Start of Data for this task
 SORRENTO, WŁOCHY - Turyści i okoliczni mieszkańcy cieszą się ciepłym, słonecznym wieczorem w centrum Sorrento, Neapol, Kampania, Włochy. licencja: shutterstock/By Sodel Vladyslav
End of Data for this task
Start of Data for this task
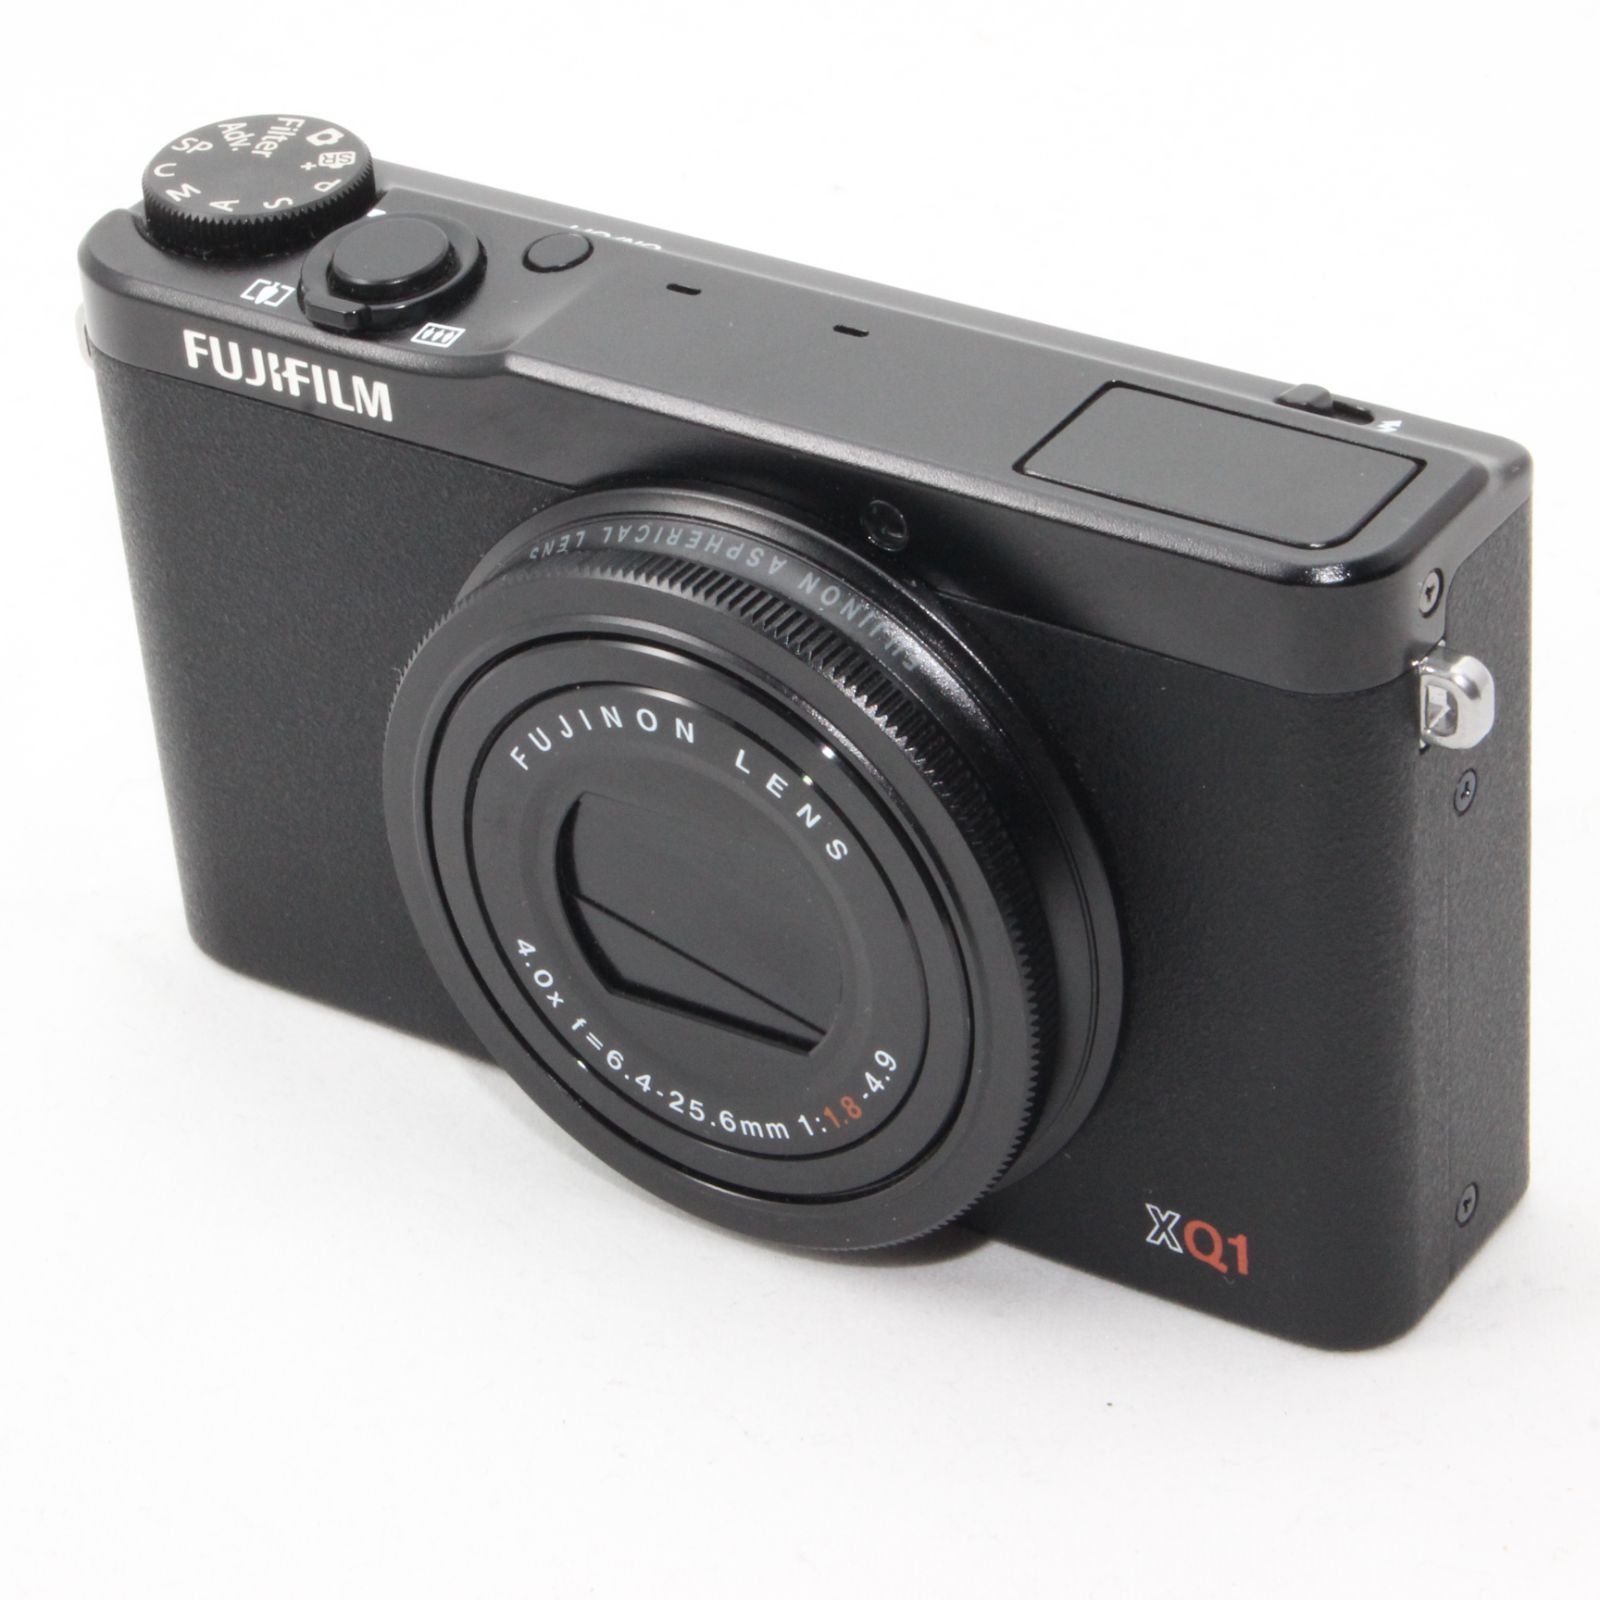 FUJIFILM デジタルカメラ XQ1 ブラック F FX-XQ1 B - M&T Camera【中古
End of Data for this task
Start of Data for this task
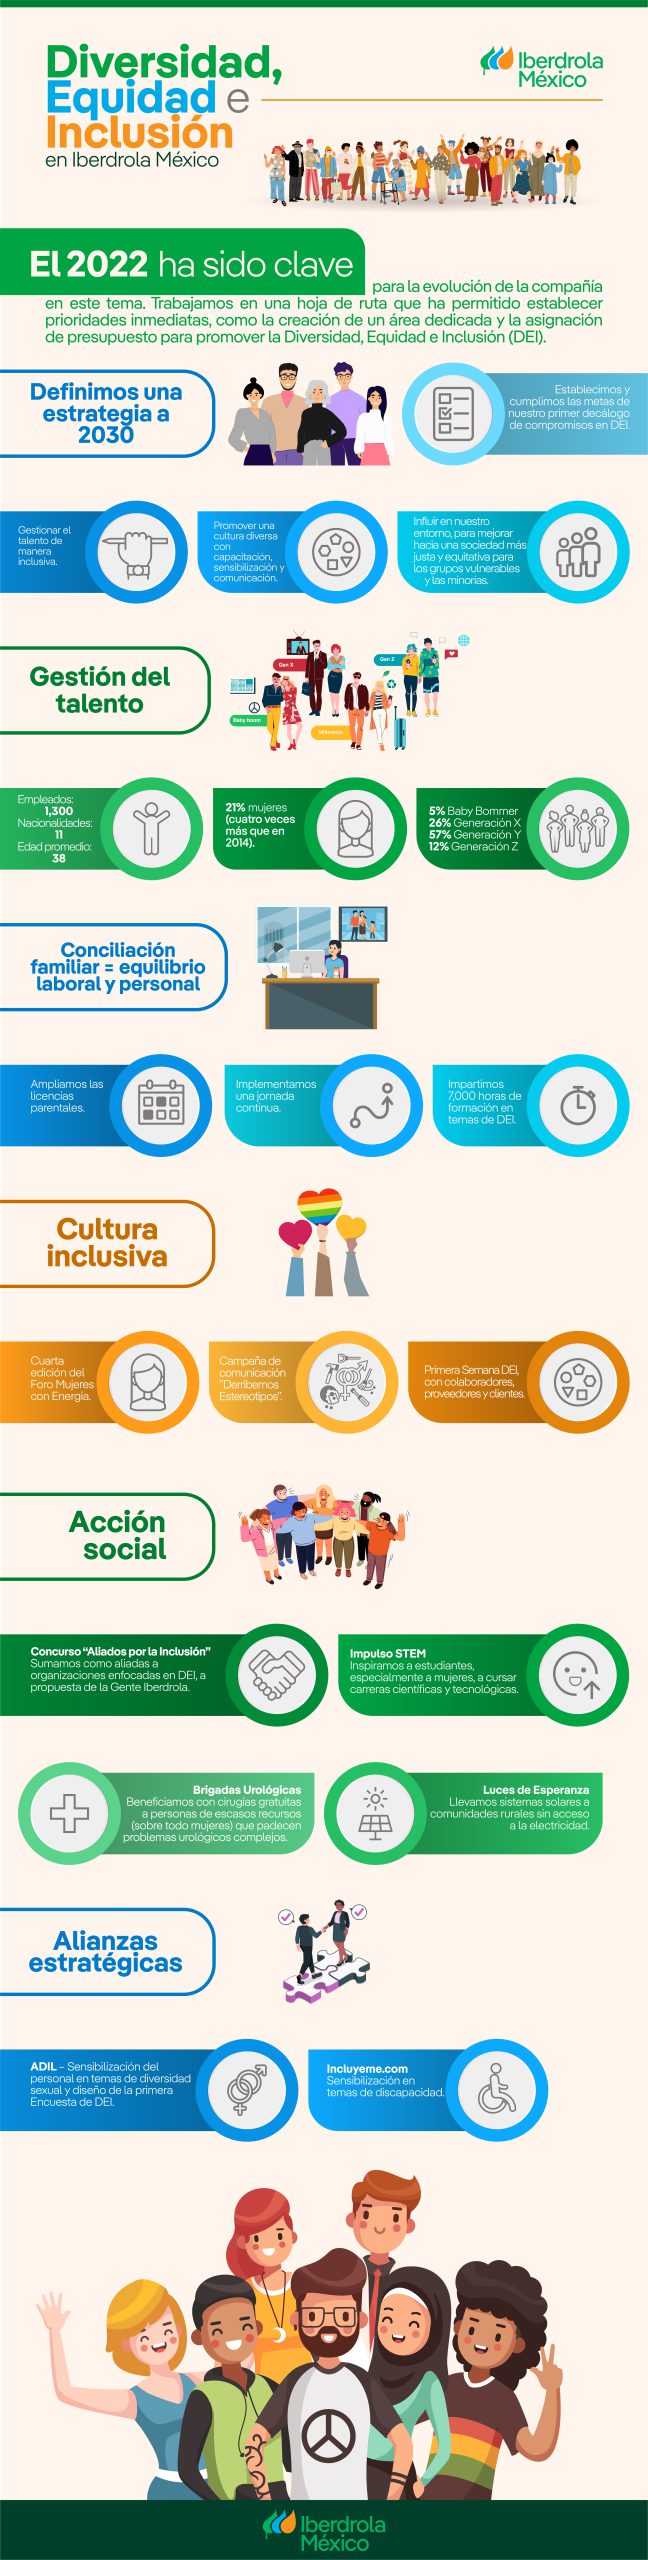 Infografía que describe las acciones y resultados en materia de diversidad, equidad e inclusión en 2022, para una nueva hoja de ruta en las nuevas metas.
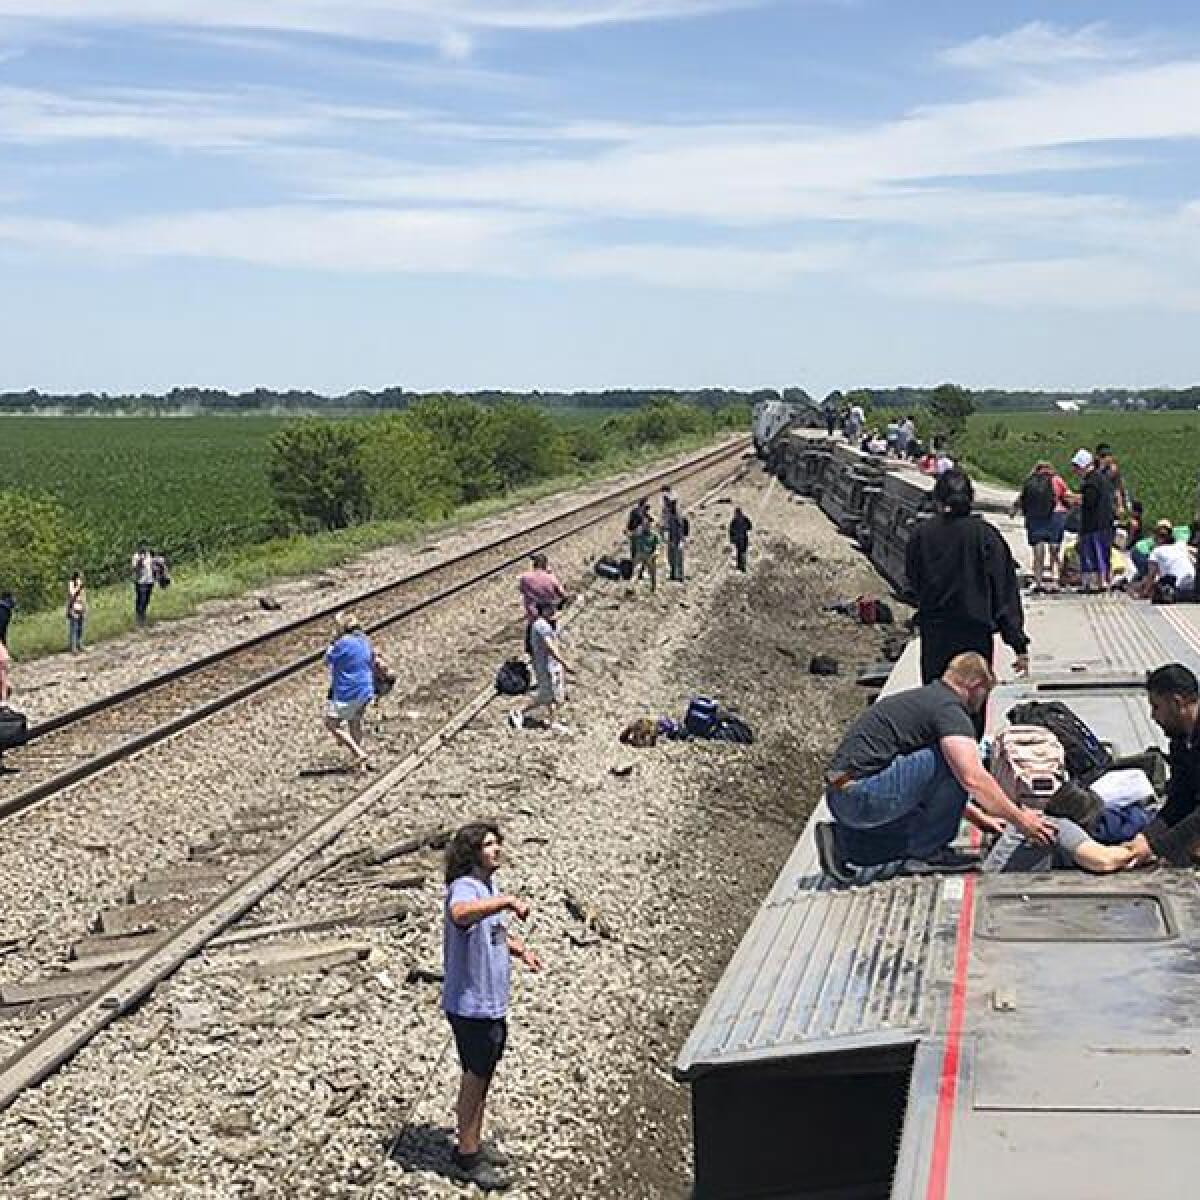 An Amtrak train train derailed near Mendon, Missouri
End of Data for this task
Task details:
Your answer should consist of the lines above between those holding "Infografía que describe" and "An Amtrak train", inclusive, reproduced word for word and without pictures.

Task response:
 Infografía que describe las acciones y resultados en materia de diversidad, equidad e inclusión en 2022, para una nueva hoja de ruta en las nuevas metas.
 An Amtrak train train derailed near Mendon, Missouri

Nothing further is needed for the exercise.